• [Raw data]
◇ ◇ ◇ ◇ ◇

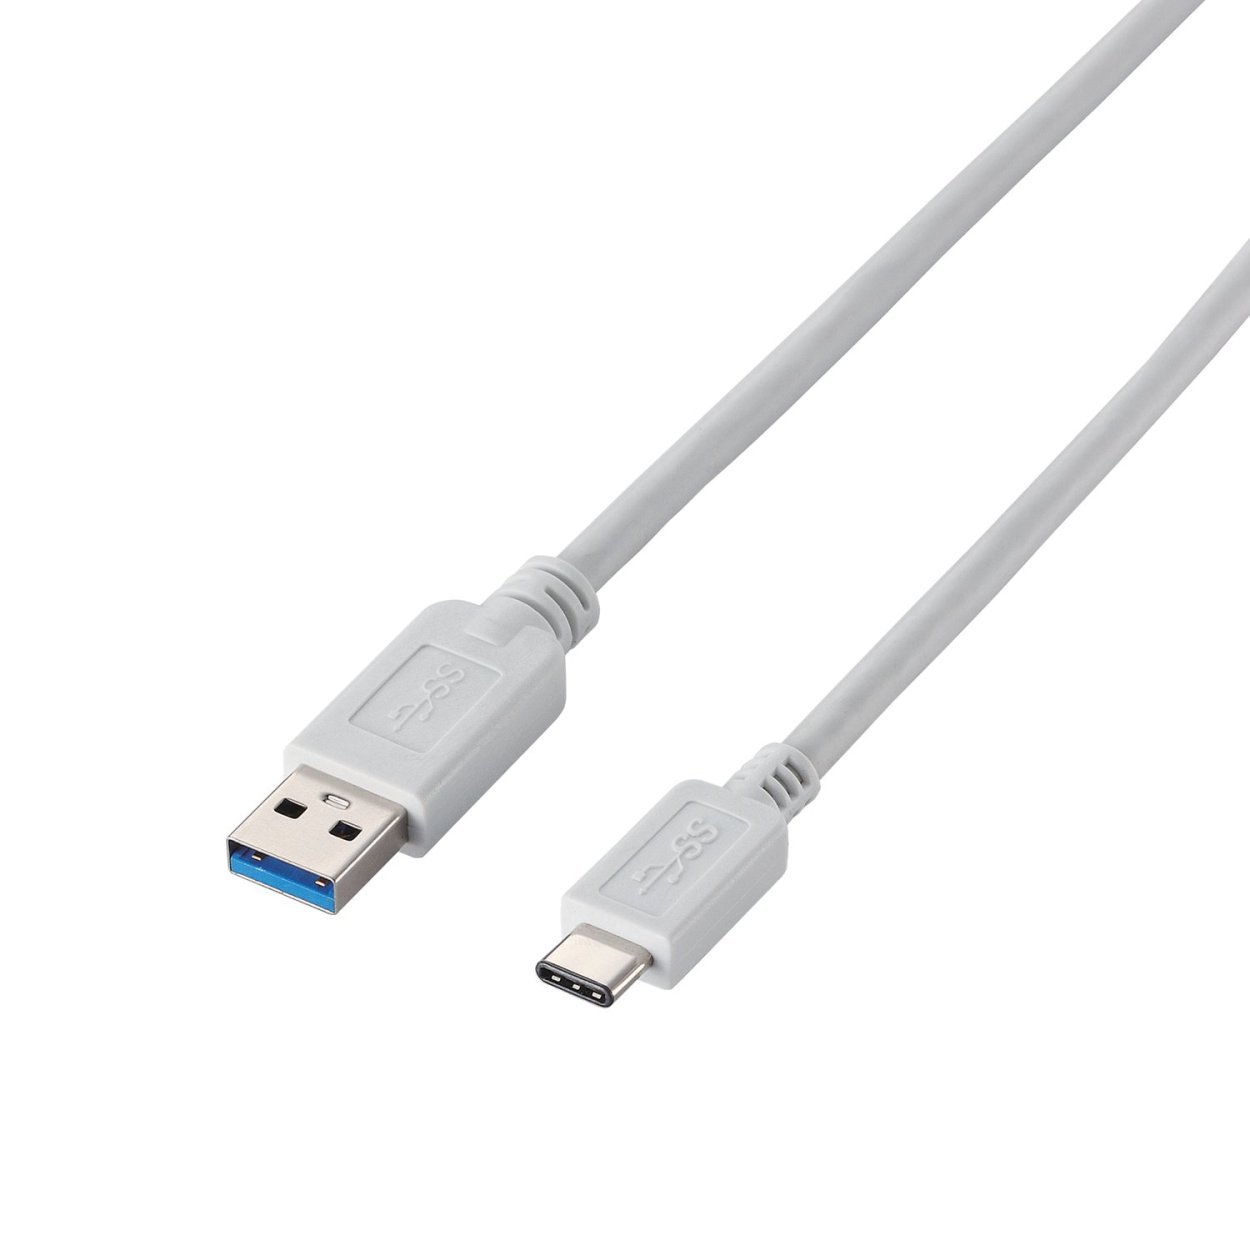 エレコム USBケーブル Type C ( USB A to USB C ) 15W 1m USB3.1 ホワイト USB3-APAC10WH
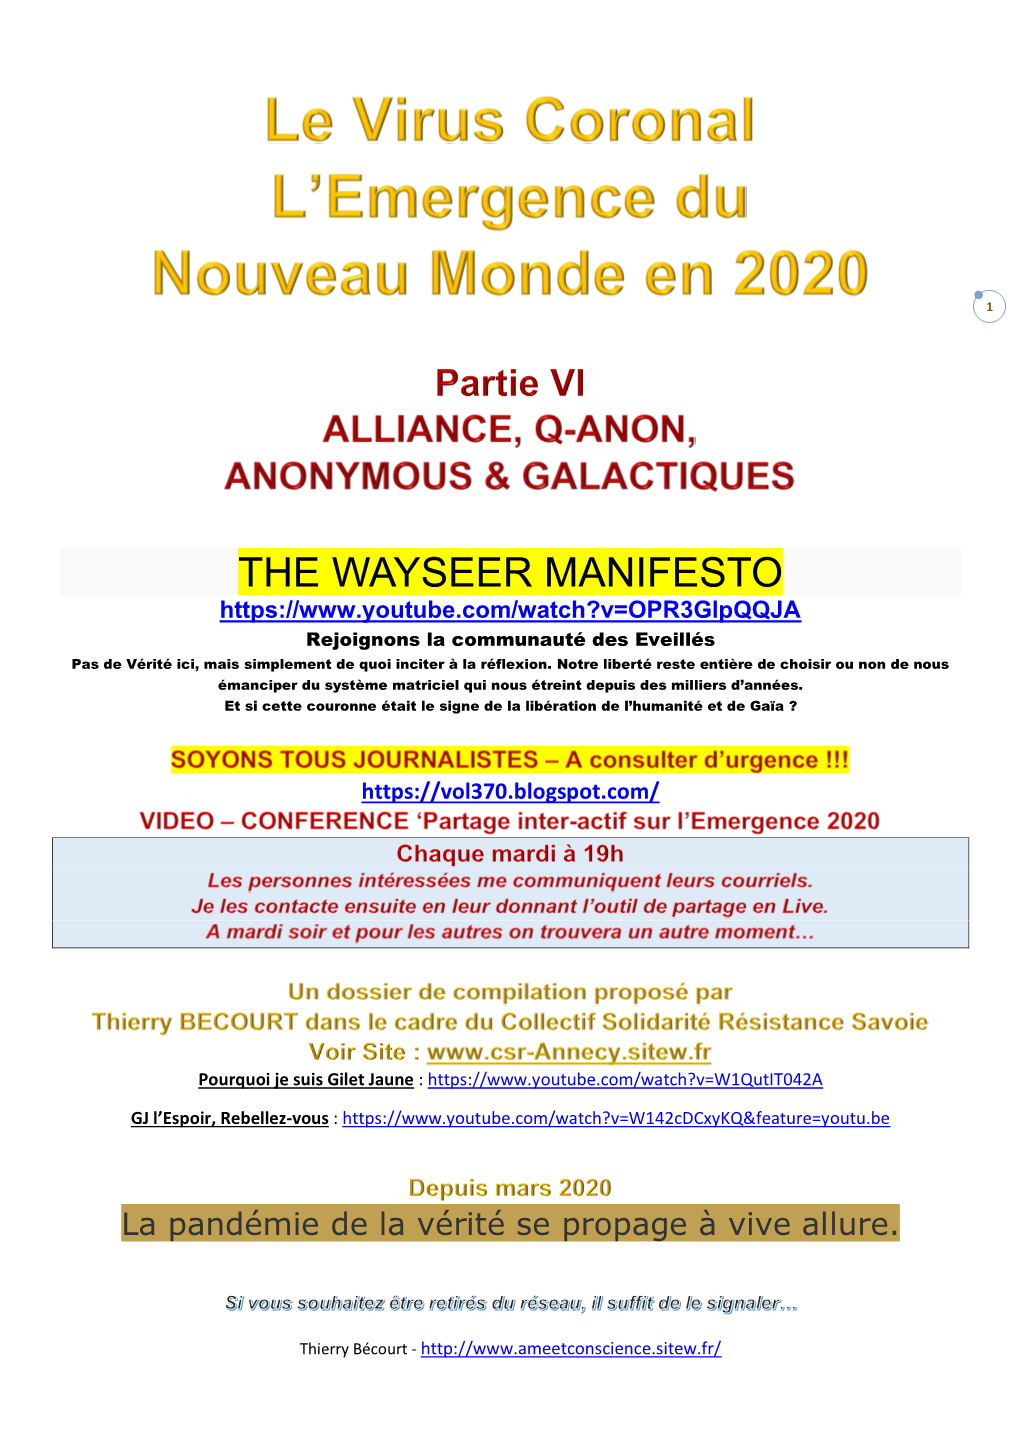 The Wayseer Manifesto
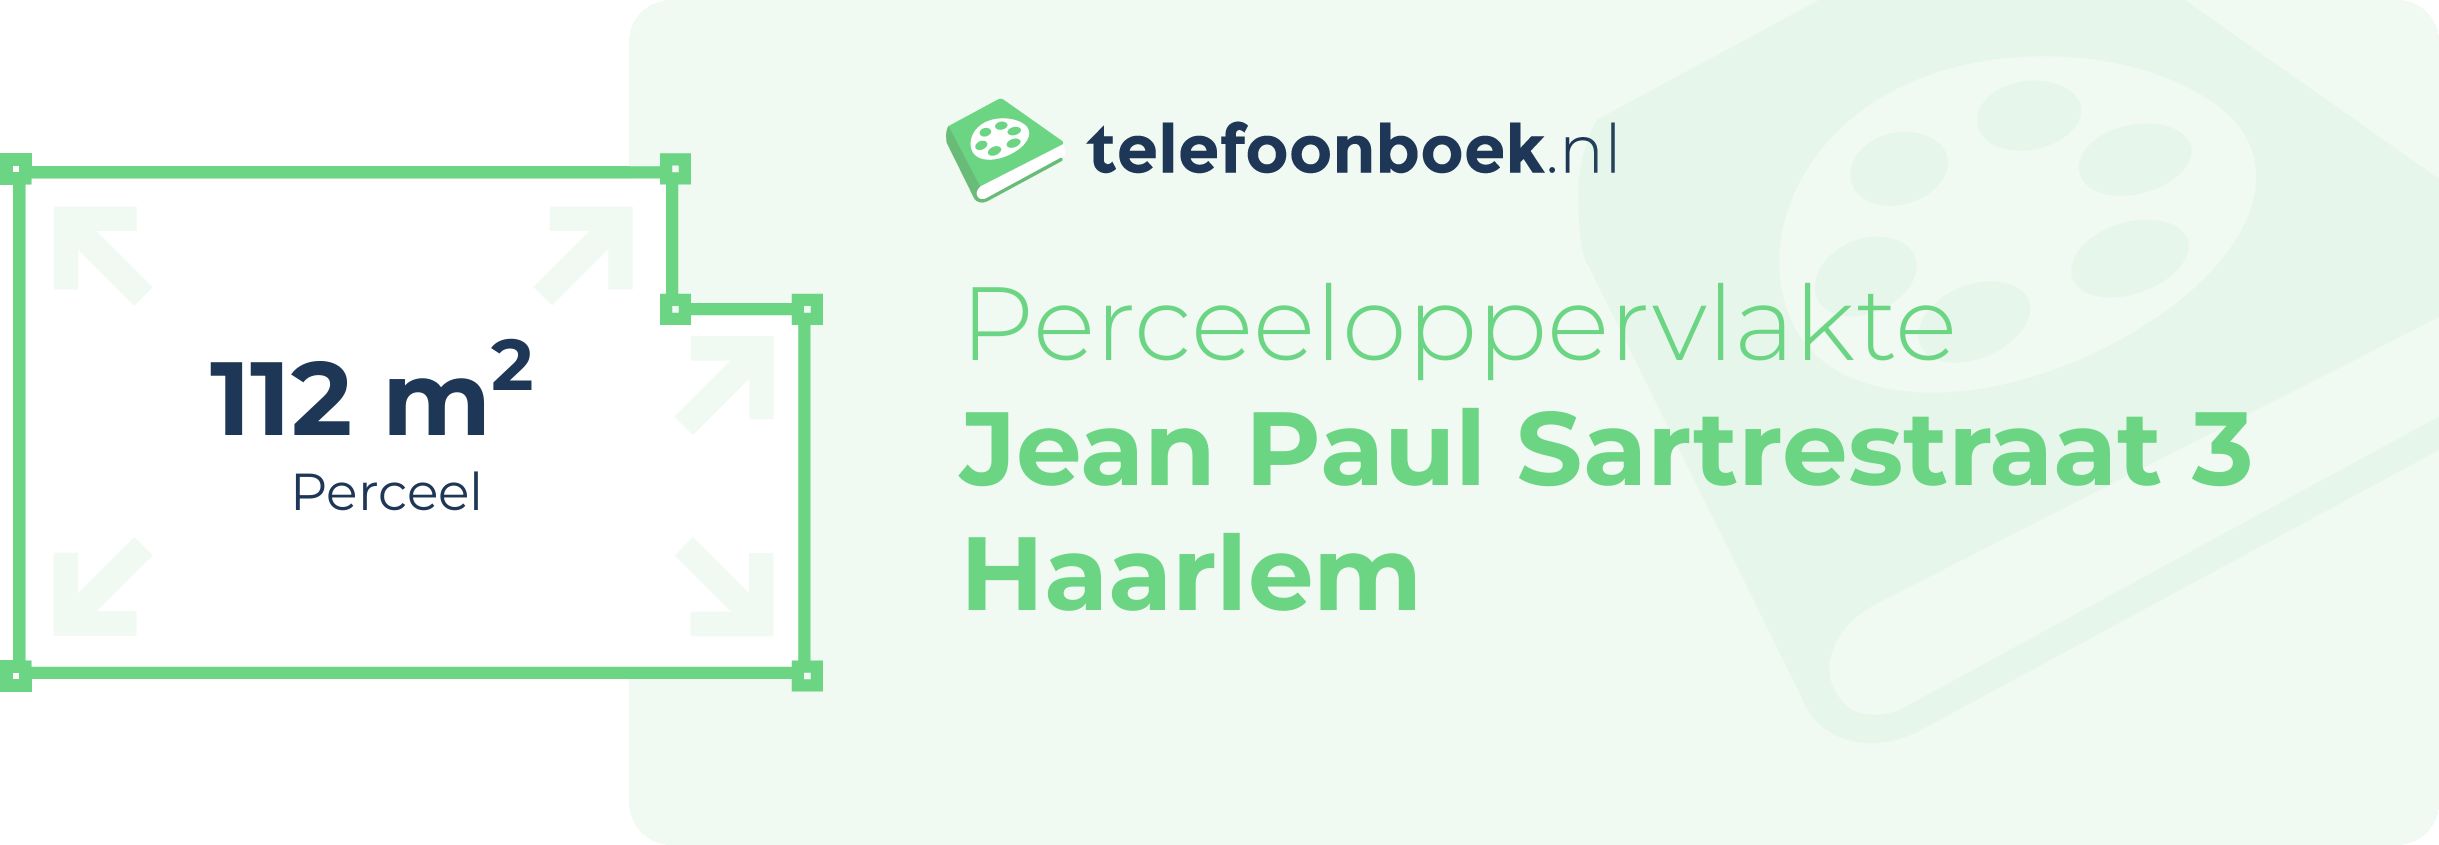 Perceeloppervlakte Jean Paul Sartrestraat 3 Haarlem

◇ ◇ ◇ ◇ ◇

• [Exercise requirements] Faithful copy, images left out: write out every line of data.

• [Finished task]
 エレコム USBケーブル Type C ( USB A to USB C ) 15W 1m USB3.1 ホワイト USB3-APAC10WH
 The Wayseer Manifesto
 Perceeloppervlakte Jean Paul Sartrestraat 3 Haarlem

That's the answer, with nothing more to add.